Tuesday, April 30, 2013

Life With An Eating Disorder: The Challenge To Stay

Last week we heard personal testimonies. Yesterday kicked off family member and friend testimonies and Sara shared her perspective via a letter written to her sister.

I had to rearrange a little this week as a few who were scheduled to guest post decided to pull out, due to concerns with confidentiality and privacy for their loved one. I completely understand and support their decision. In the spirit of our series I decided to write a little something for today. I know what you all are thinking, "You are the one with the ED history, and this week is about hearing from family and friends." True. Very true.
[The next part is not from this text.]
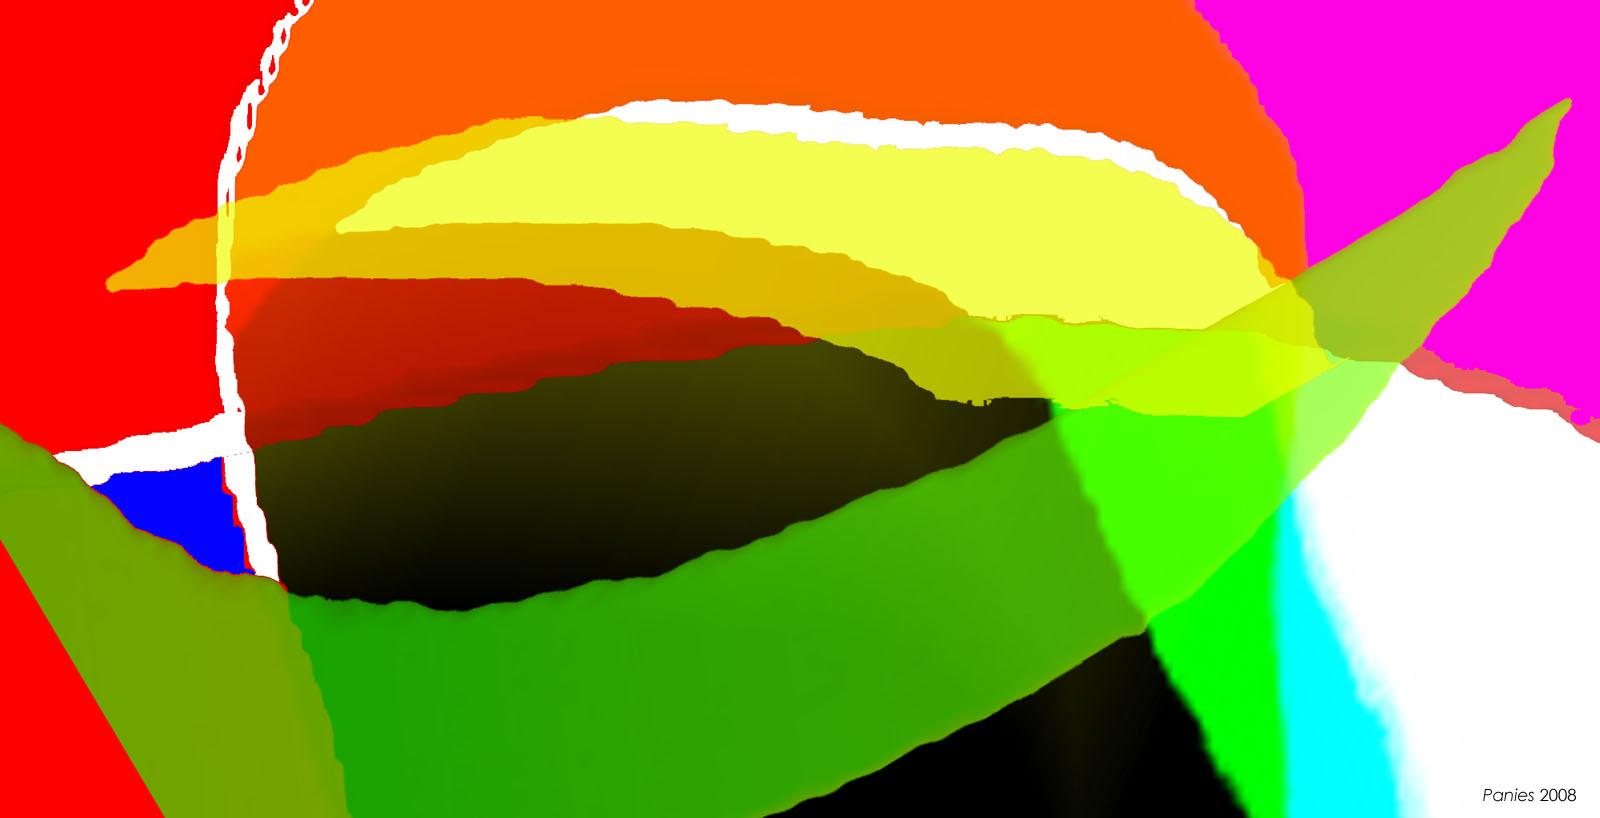 panies-danielvillalobos-art-digital-abstract-6

But I thought long and hard over the last few days and I think, despite this little discrepancy, I can share from my heart and shed some light on how to stay connected with a loved one, or a friend who is struggling with an eating disorder, when the easier option would be to walk away. Because several people did this for me. I am eternally grateful.

. . .

The Challenge To Stay  

Staying connected to a friend or family member who has an ED is hard. Eating Disorders have a way of pulling the person farther and farther away from their world. Thus, the more the eating disorder sets in, the harder it is to stay rooted to your friend or loved one. This is so challenging on many levels. As one who cares and feels genuine concern, the last thing you want to do is pull away out of frustration. But how do you stay connected when (it feels like) you're the only one willing to do the work?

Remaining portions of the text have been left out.